> [Problem requirements]
Reproduce the listing below in full and without alteration, apart from its pictures.

> [Data excerpt]
^^^^^^^^
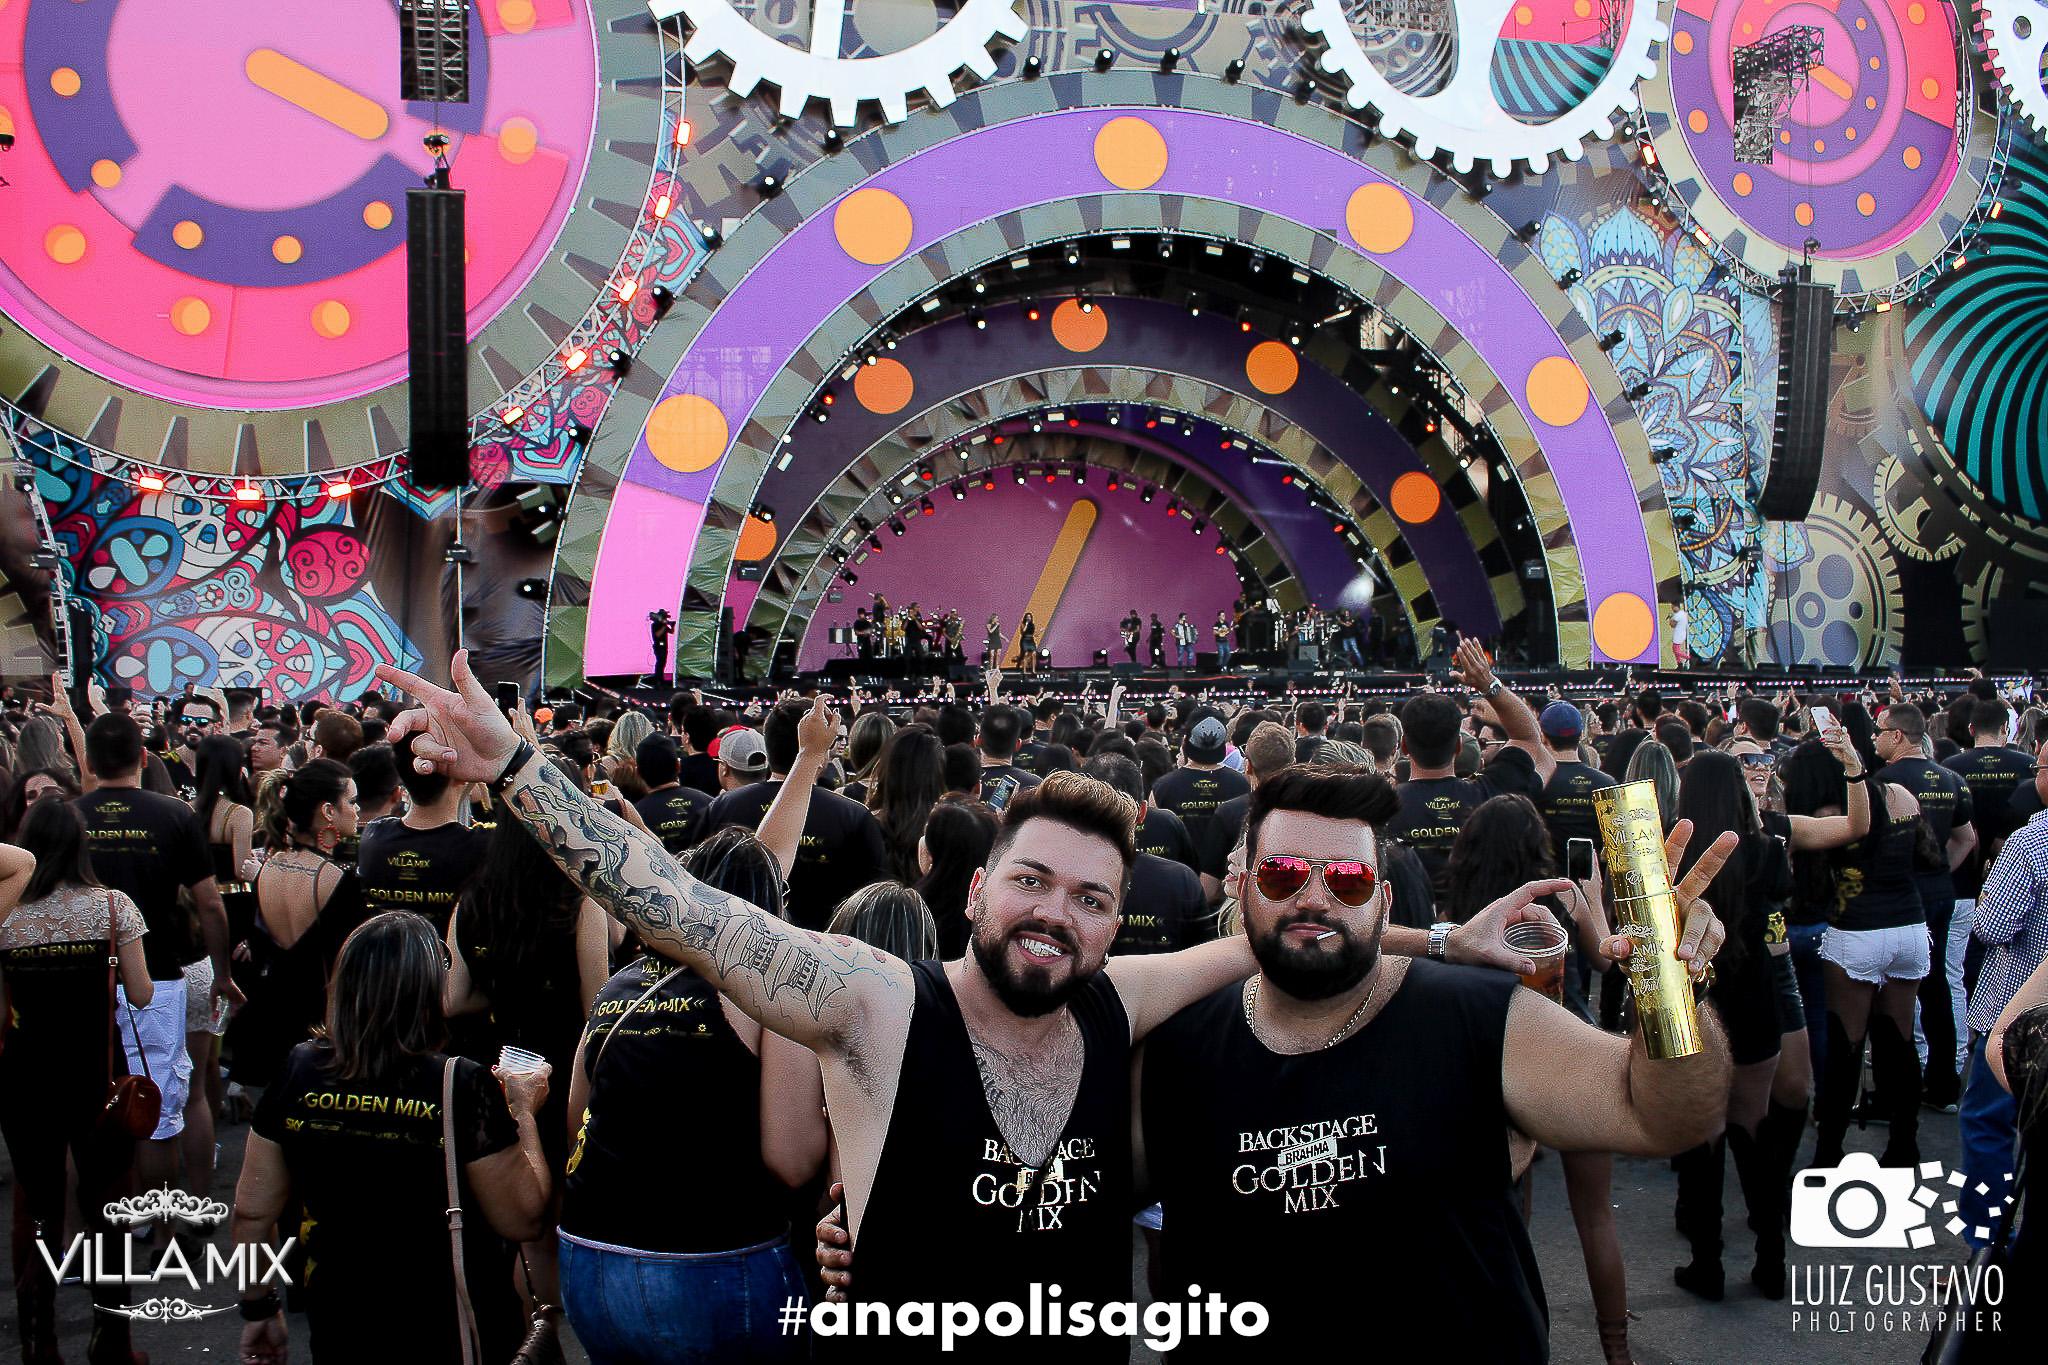 Luiz Gustavo Photographer (68 de 327)
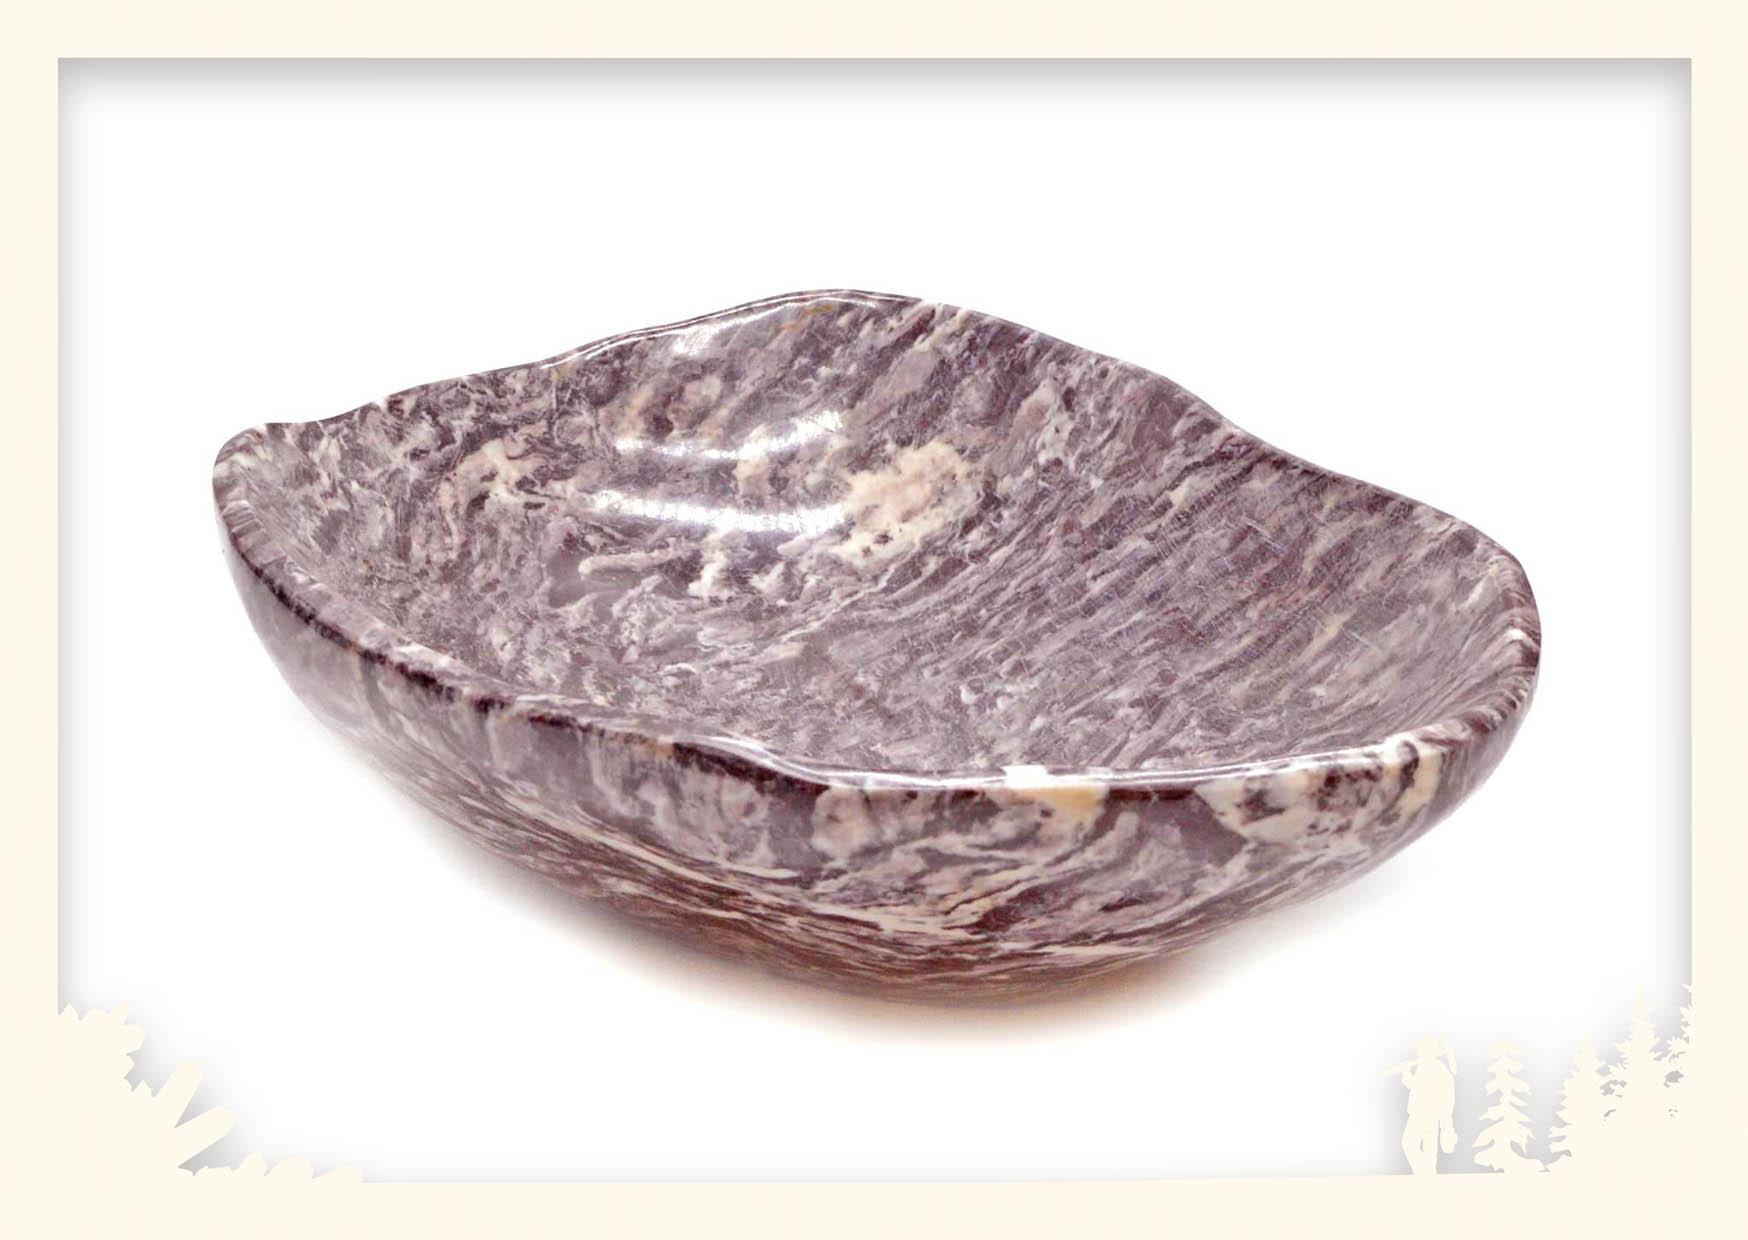 Steinschale Kalk Porphyr Image
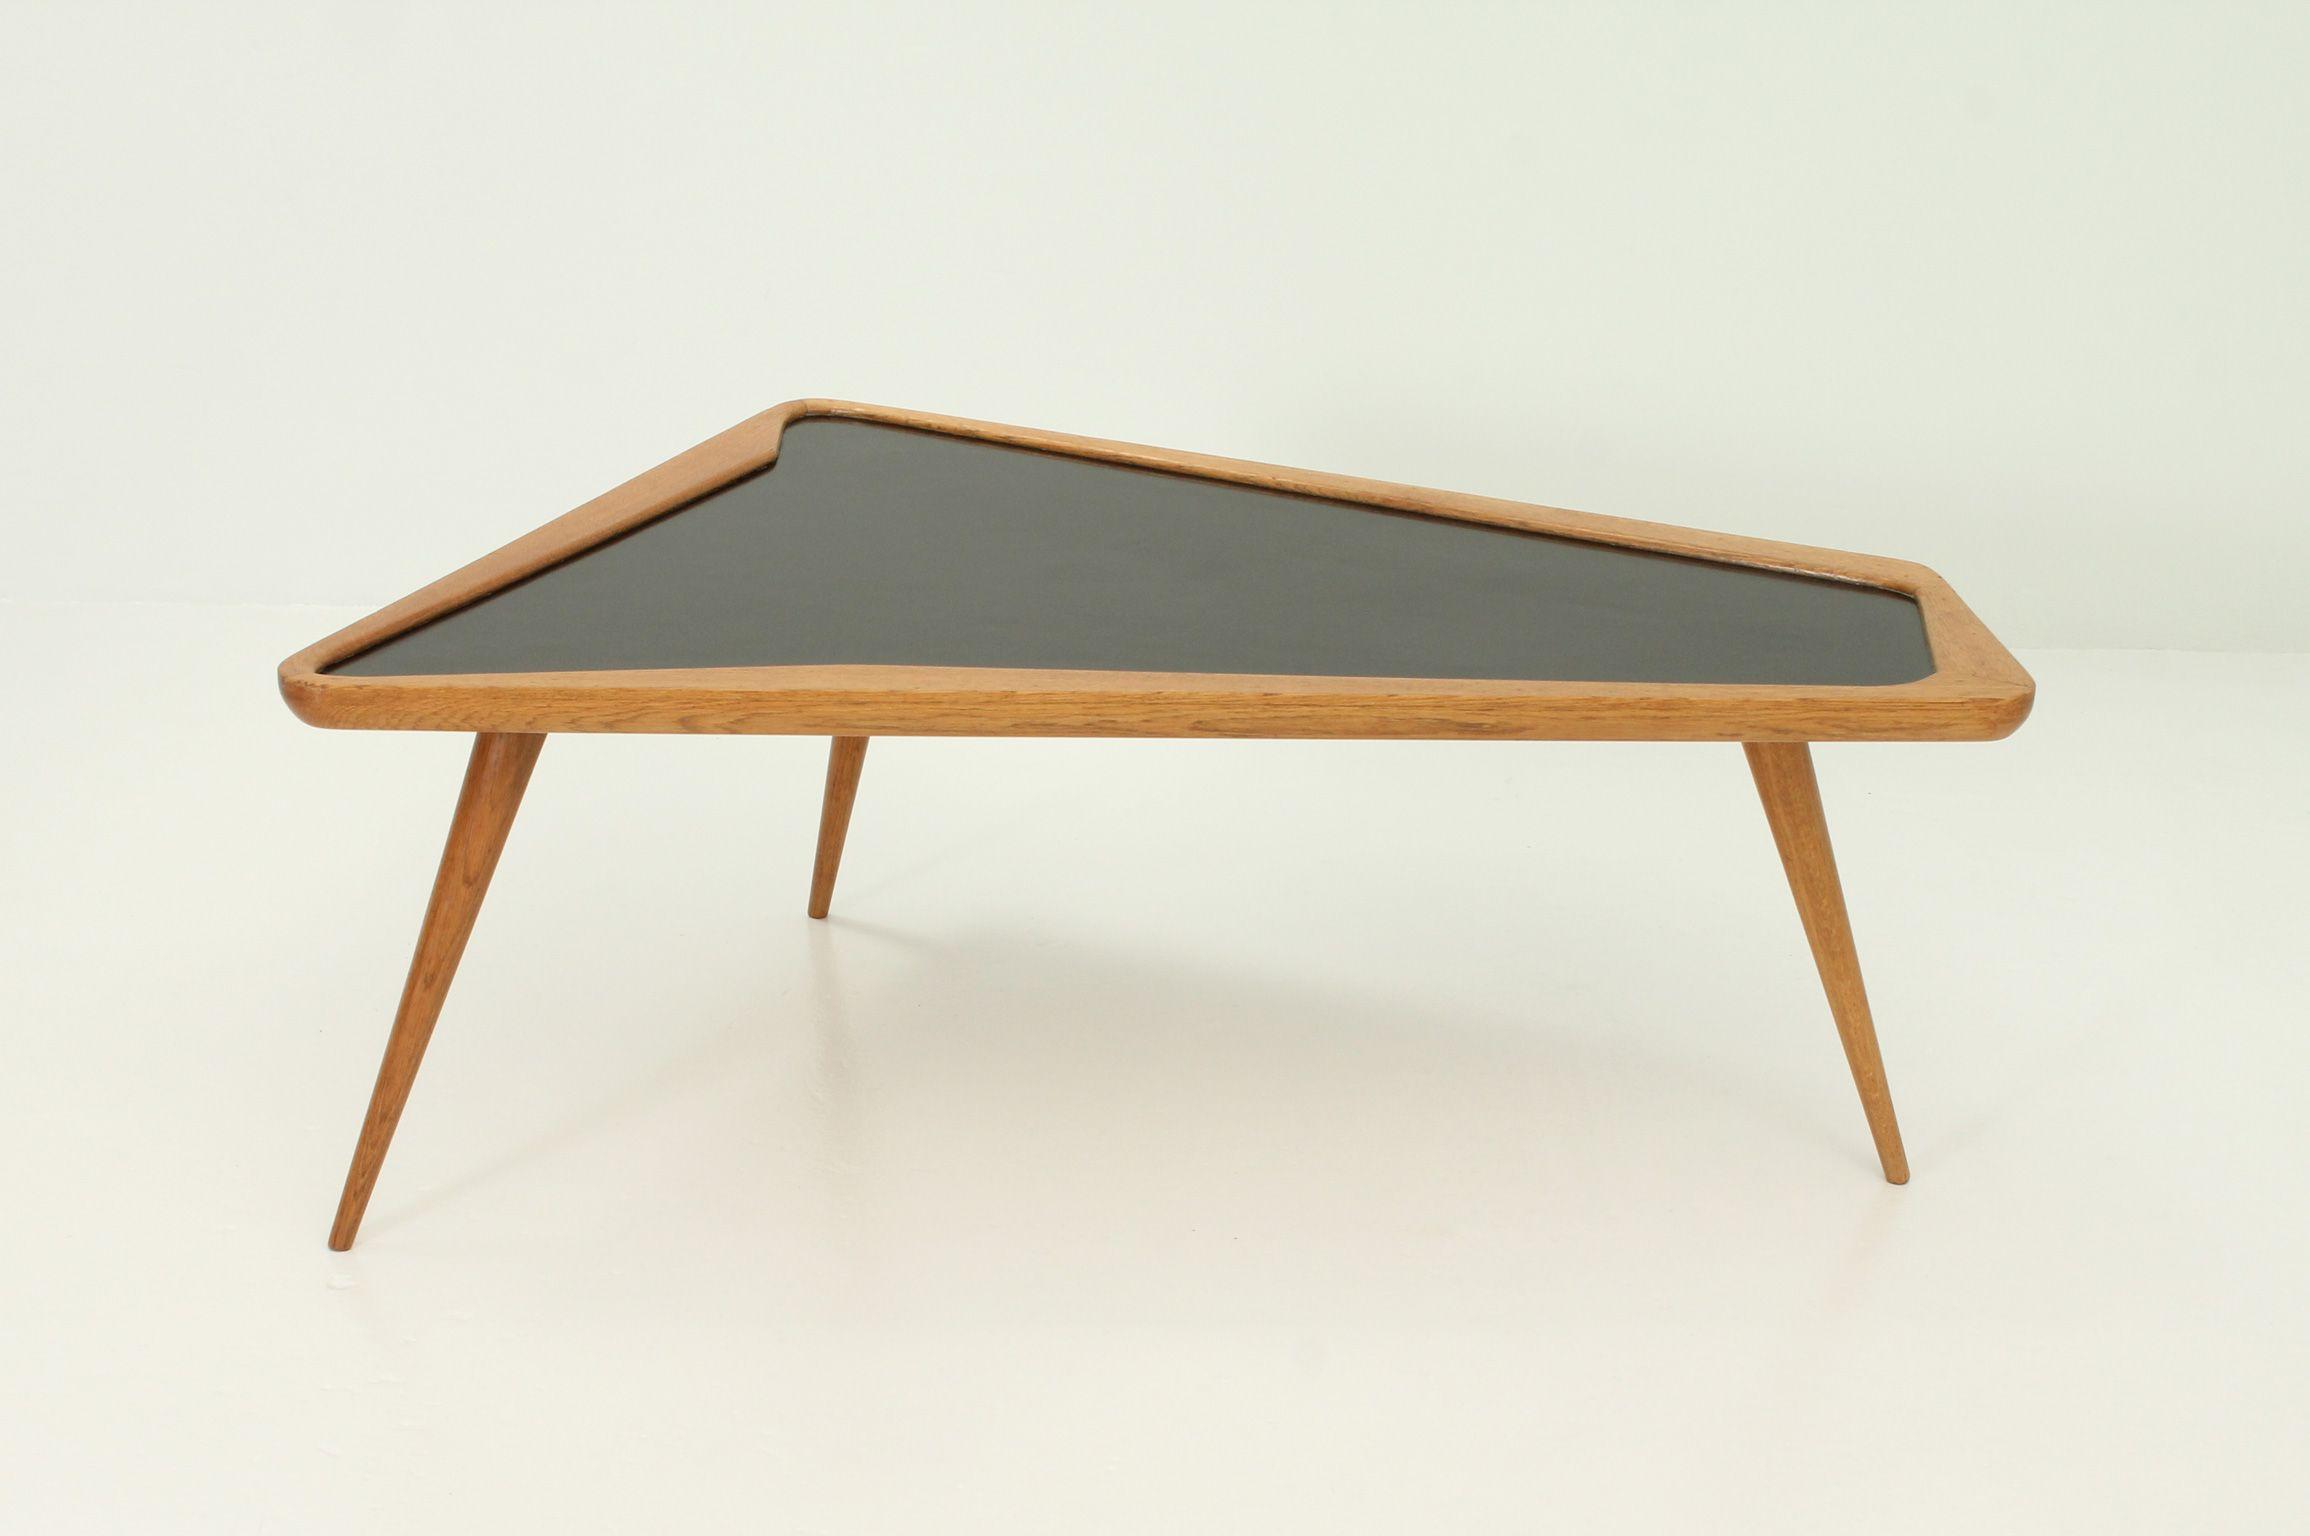 Table Basse En Formica vintage coffee table in oakwood and formicacharles ramos
^^^^^^^^
> [Task answer]
 Luiz Gustavo Photographer (68 de 327)
 Steinschale Kalk Porphyr Image
 Table Basse En Formica vintage coffee table in oakwood and formicacharles ramos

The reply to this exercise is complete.